Licenciement économique : un chiffre d’affaires durablement en baisse peut suffire à caractériser des difficultés économiques

Dans sa décision du 17 septembre 2025, la Cour de cassation a apporté une précision importante en matière de licenciement économique.
Elle rappelle qu’en l’absence de justification d’une « baisse significative » du chiffre d’affaires ou des commandes, le juge peut apprécier la réalité des difficultés économiques globale au regard d’autres éléments objectifs, tels qu’une dégradation durable des résultats de l’entreprise.
Les indicateurs des difficultés économiques
L’article L. 1233-3 du Code du travail définit le licenciement économique comme un licenciement résultant de difficultés économiques. Pour caractériser celles-ci, plusieurs indicateurs peuvent être mobilisés : baisse des commandes ou du chiffre d’affaires (CA), pertes d’exploitation, dégradation de la trésorerie ou de l’excédent brut d’exploitation. Mais le texte ajoute également que tout autre élément qui permettrait de démontrer l’existence de difficultés économiques peut être retenu.
S’agissant de la baisse des commandes ou du chiffre d’affaires, le législateur a prévu des critères objectifs : la diminution doit être constatée sur une période déterminée, variable selon la taille de l’entreprise, allant d’un trimestre pour une très petite entreprise (moins de 11 salariés), à 4 trimestres consécutifs pour une structure de plus de 300 salariés.
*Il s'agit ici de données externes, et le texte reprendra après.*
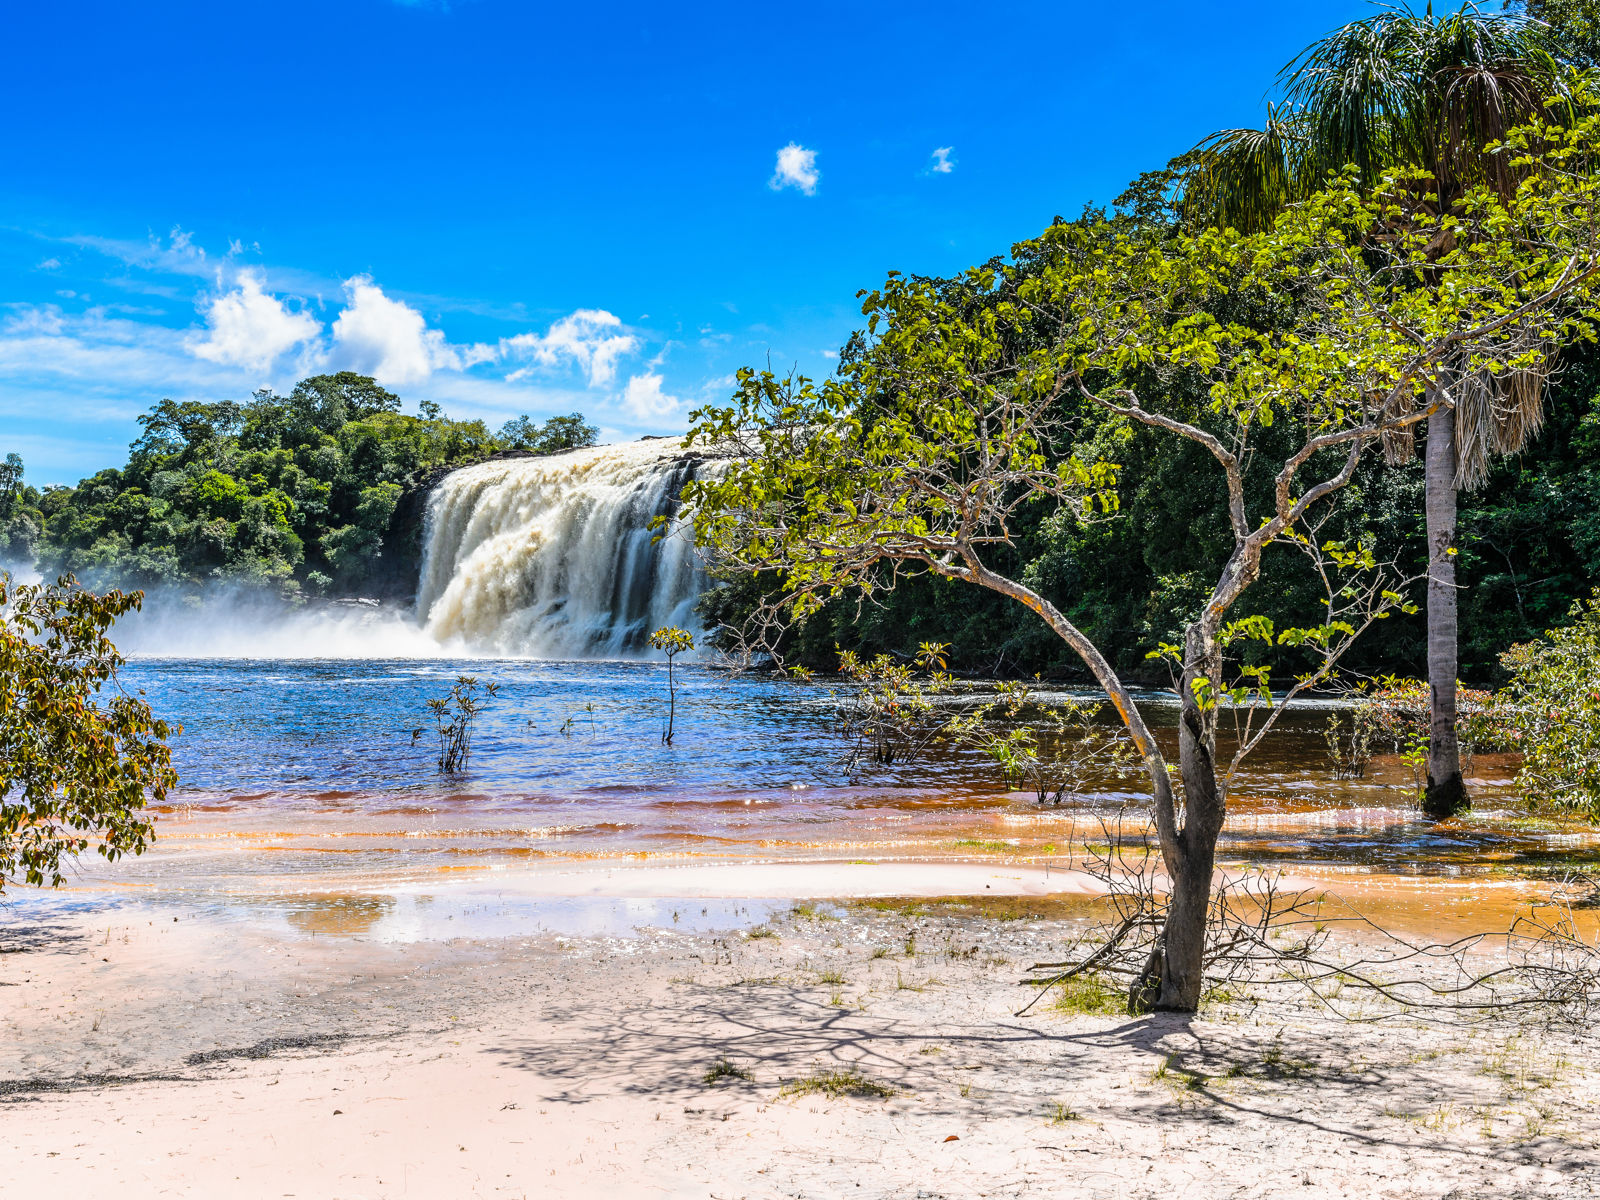 Resa till Venezuela - majestätiskt vattenfall i tropiskt landskap med frodig grönska och blå himmel.

En ce qui concerne les autres indicateurs, aucune définition précise de ce que constitue « l'évolution significative » des difficultés économiques n’est donnée. La jurisprudence confie ainsi au juge l’appréciation concrète de la situation, au regard des éléments financiers présentés par l’employeur.
L’affaire jugée : une baisse non conforme aux critères, mais une dégradation persistante du chiffre d’affaire
L’affaire en question concerne une salariée licenciée pour motif économique en janvier 2021, après son adhésion à un contrat de sécurisation professionnelle. Contestant son licenciement, la salariée a fait valoir que son employeur n’avait pas établi ladite « baisse significative » du chiffre d’affaires, exigée par la loi. Il se trouve qu’en effet, les documents fournis portaient sur des périodes semestrielles et non trimestrielles : ils ne permettaient pas d'apprécier la baisse du chiffre d'affaire au sens du Code du travail.
Le conseil de prud’hommes a donc donné raison à la salariée. De son côté, la cour d’appel de Bourges a jugé, au contraire, que les difficultés économiques étaient bien établies. Les juges ont relevé une baisse de 10 % du chiffre d’affaires et une diminution de près de 30 % du résultat d’exploitation entre 2019 et 2020, et ce malgré une réduction de la masse salariale et un allègement des loyers. Selon les juges, cette dégradation persistante traduisait bel et bien une situation économique fragile.
La position de la Cour de cassation
Dans sa décision, la Cour de cassation a donné raison à la cour d’appel de Bourges. Elle a rappelé que lorsque la baisse significative des commandes ou du chiffre d’affaires n’est pas démontrée conformément aux critères légaux, le juge a pour mission d’examiner les autres indicateurs de difficultés économiques.
En l’espèce, la cour d’appel ne s’était pas contredite : elle avait écarté l’existence d’une baisse significative du chiffre d’affaires au sens du Code du travail, mais avait ensuite constaté, au regard de l’ensemble des données disponibles, une dégradation persistante de l’activité et du résultat d’exploitation. Une approche globale, conforme à la jurisprudence antérieure, qui a suffit à établir le motif économique du licenciement. Le pourvoi de la salariée a donc été rejeté.
Un rappel pour les employeurs
La Cour de cassation confirme ainsi que la logique de la preuve n’est pas seulement formelle : ce qui importe, c’est la réalité économique de l’entreprise, telle qu’elle peut être objectivement démontrée au jour du licenciement.